Как я уже сказал, Алексею Ивановичу я не мог не верить. И тем не менее это его письмо не сильно меня поколебало.
Начну с того, что весьма сомнительной показалась мне версия о сознательной фальсификации, проделанной сыном Самуила Яковлевича — Эммануилом Самойловичем. (С. Я. и все домашние звали его «Элик», поэтому я привык к такому звучанию и написанию его имени, и пантелеевское «Иммануэль» немало меня удивило.)

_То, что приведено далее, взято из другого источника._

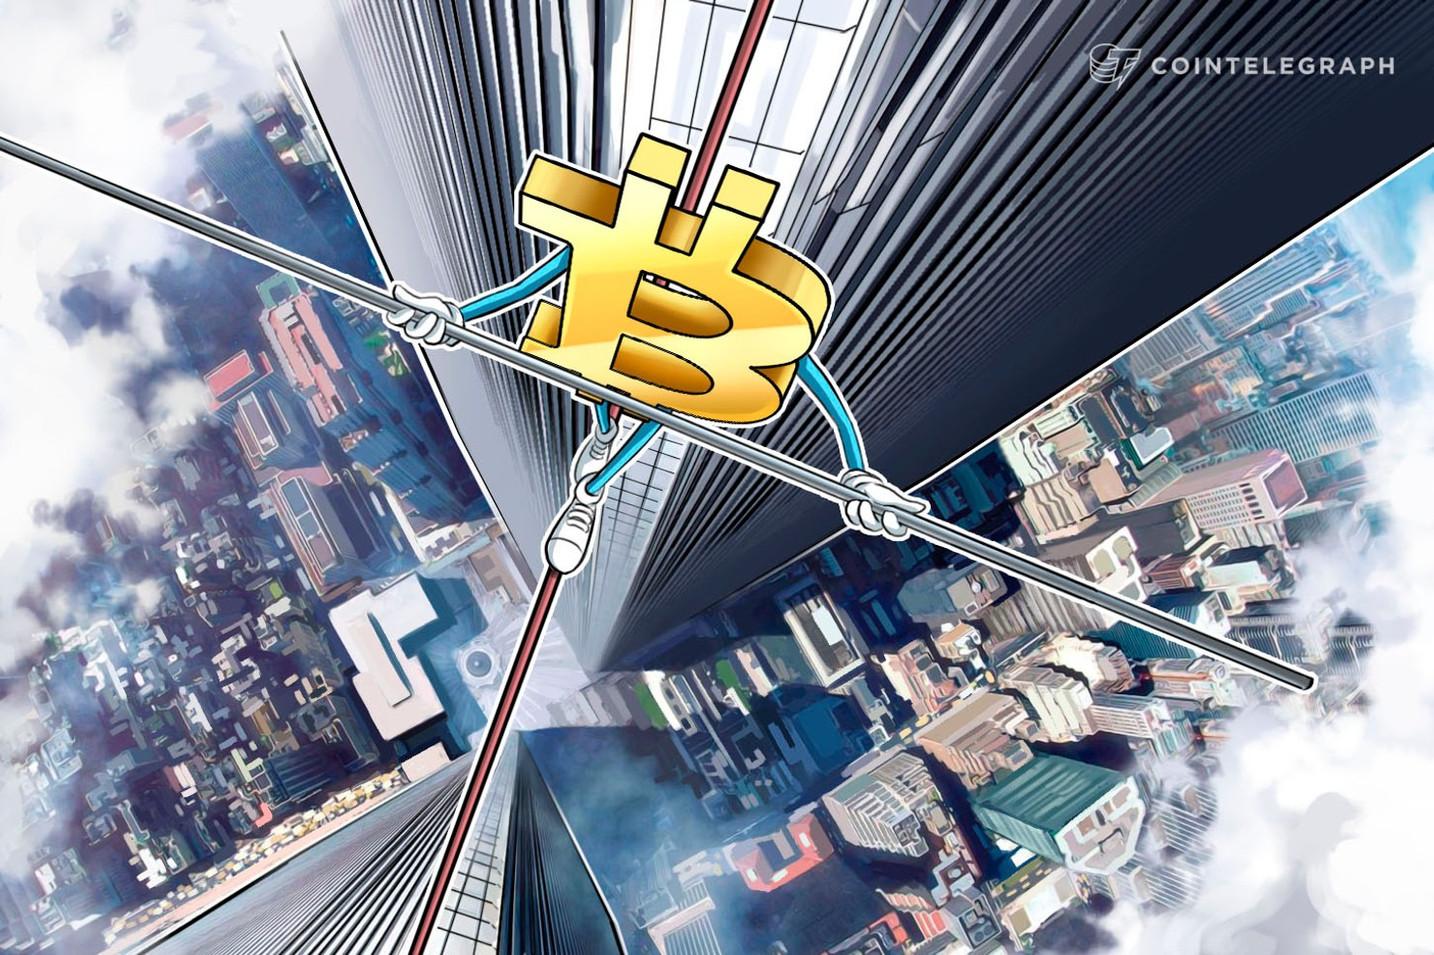 RSIでダブルボトム形成、仮想通貨ビットコインは短期的に上昇か

Совершенно непонятно было мне, почему последние стихи С. Я., в особенности то, которое я впервые услышал в ту ночь от Вали, могли способствовать созданию образа
Ну а кроме того, мои тогдашние рассуждения основывались не на одном этом, а на многих стихах С. Я. И все они, кстати сказать, печатались еще при его жизни, так что ни о какой сознательной фальсификации, жертвой которой якобы я пал, не могло быть и речи.
В этом духе я и ответил Алексею Ивановичу. Признавался, что известие об отношении С. Я. к религии, о котором, по его словам, знали все старые друзья Маршака, для меня стало полной неожиданностью. Просил написать об этом чуть подробнее.
Ответное письмо А. И. показалось мне еще менее убедительным. И даже уже не таким ясным и определенным, как первое. (Отчасти, может быть, мне так показалось, потому что, в отличие от первого, напечатанного на машинке, оно было написано от руки, торопливо, с помарками, вычеркиваниями и подчеркиваниями.)